The main image is generated image using playground AI.


## Model Details

**Model Developers** Seungyoo Lee (DopeorNope)

**Input** Models input text only.

**Output** Models generate text only.

**Model Architecture**  
Dear_My_best_Friends-13B is an auto-regressive 13B language model based on the LLaMA2 transformer architecture.

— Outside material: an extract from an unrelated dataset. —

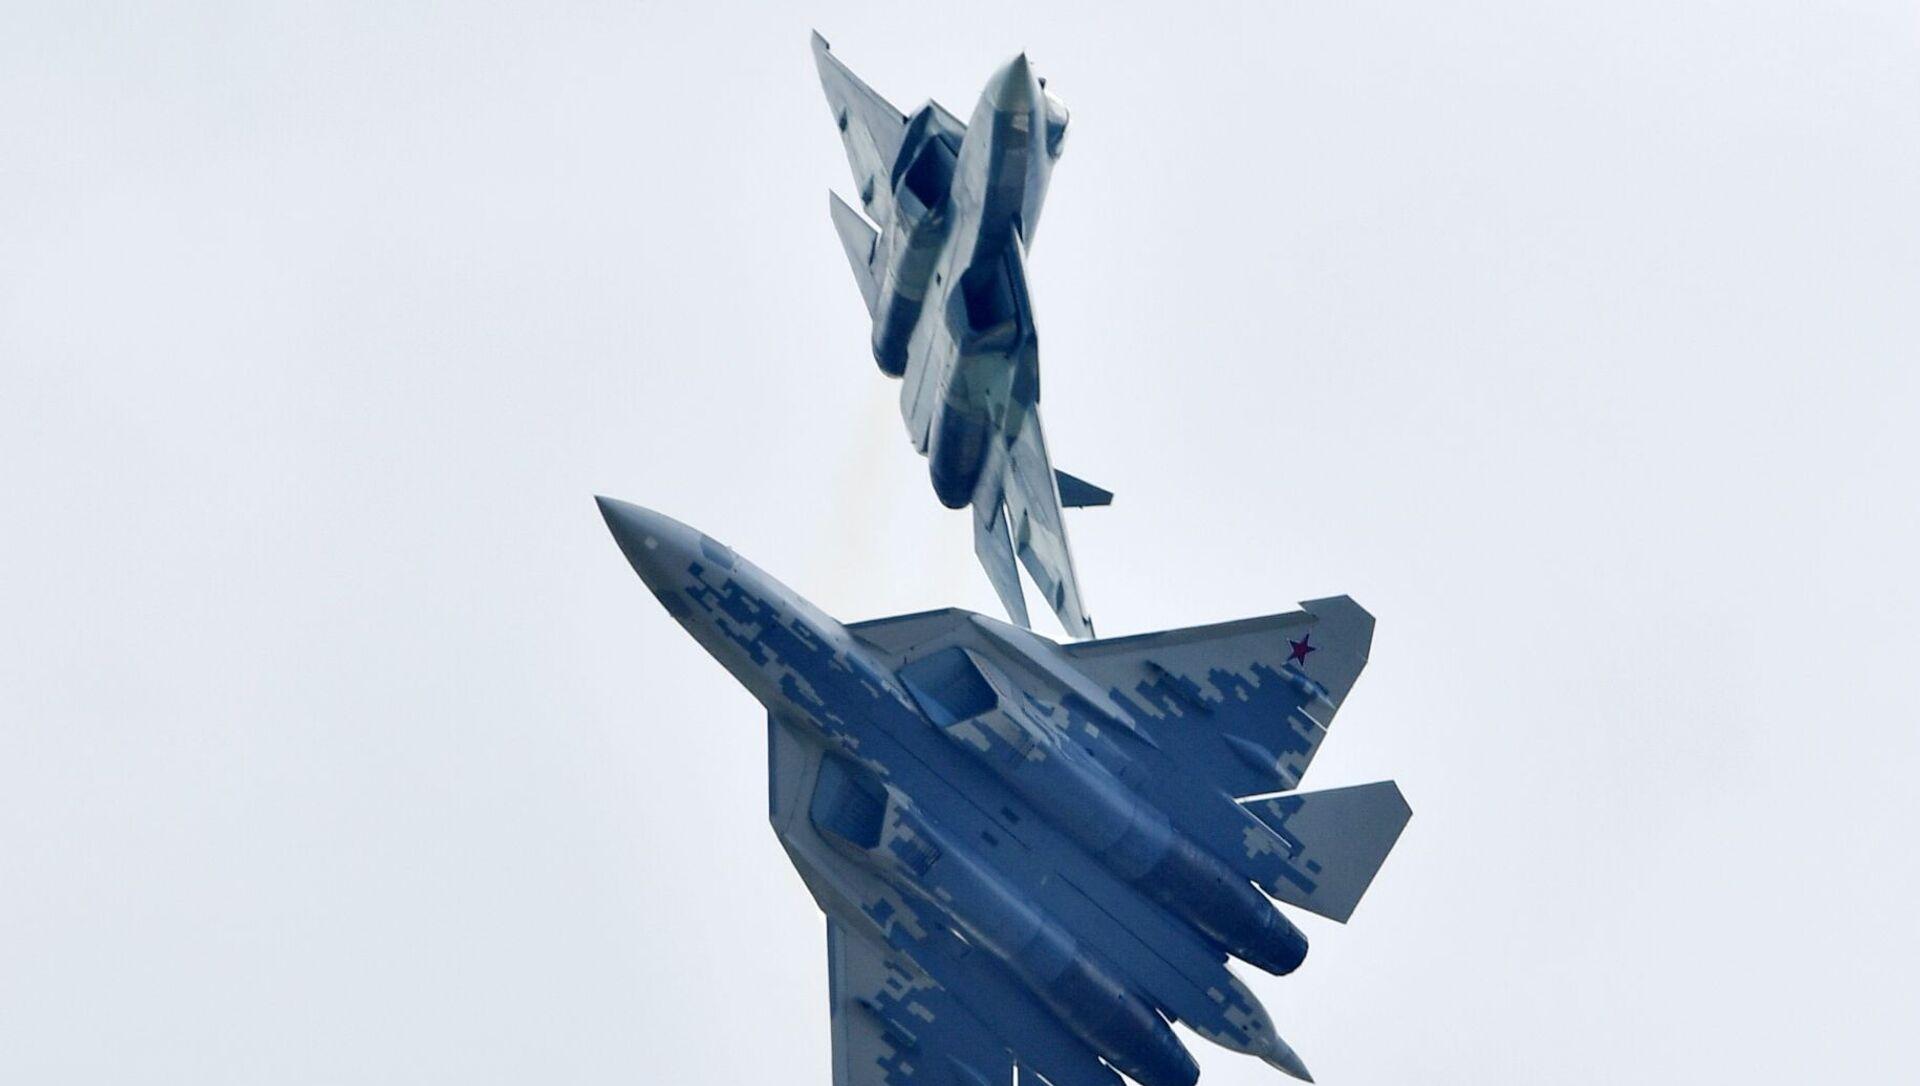 Máy bay chiến đấu đa năng thế hệ thứ năm của Nga Su-57 thực hiện chuyến bay trình diễn tại Triển lãm Hàng không - Vũ trụ MAKS-2019 - Sputnik Việt Nam, 1920, 26.05.2021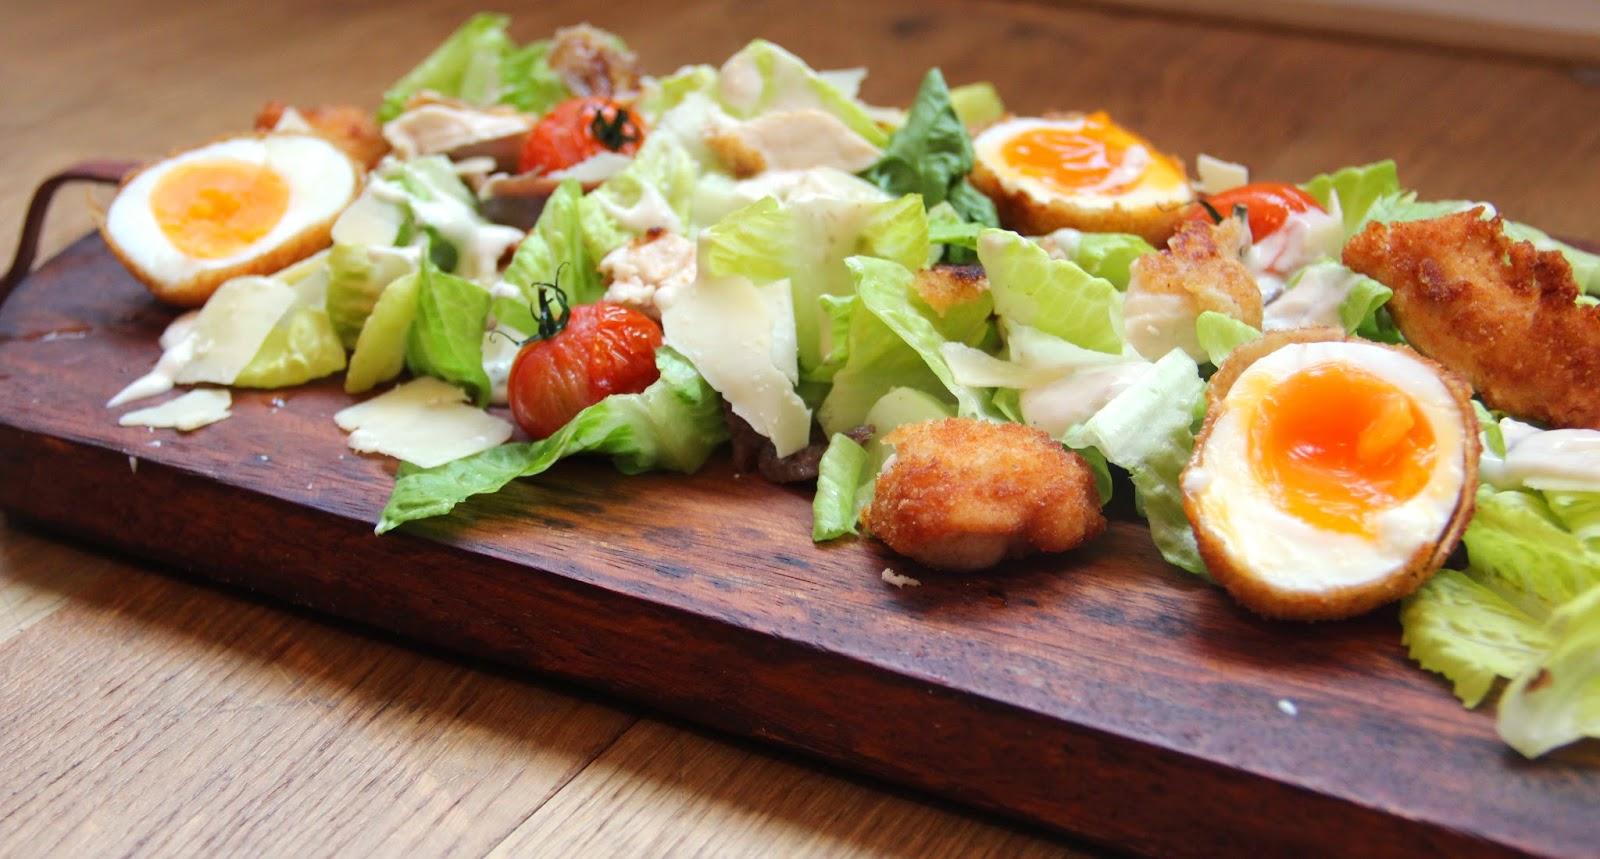 Uitzonderlijk Kookkunst: Caesar salad met krokante kip, ansjovismayonaise en &SX32

**Base Model**  [DopeorNope/Dear_My_best_Friend-SFT-v2-13B](https://huggingface.co/DopeorNope/Dear_My_best_Friend-SFT-v2-13B)- not uploaded yet   

COKAL_pre_DPO_Test_v3-13b is the SFT model to train the DPO method.

**Training Dataset**  
- DPO training dataset: [DopeorNope/DPO-Ko-Dataset](private) - private

This dataset was constructed by directly collecting and reorganizing data by DopeorNope, obtaining insights from ["lvwerra/stack-exchange-paired"](https://huggingface.co/datasets/lvwerra/stack-exchange-paired) to create a paired dataset. (It means I do not use stack-exchange-paired; I just got an insight from it.)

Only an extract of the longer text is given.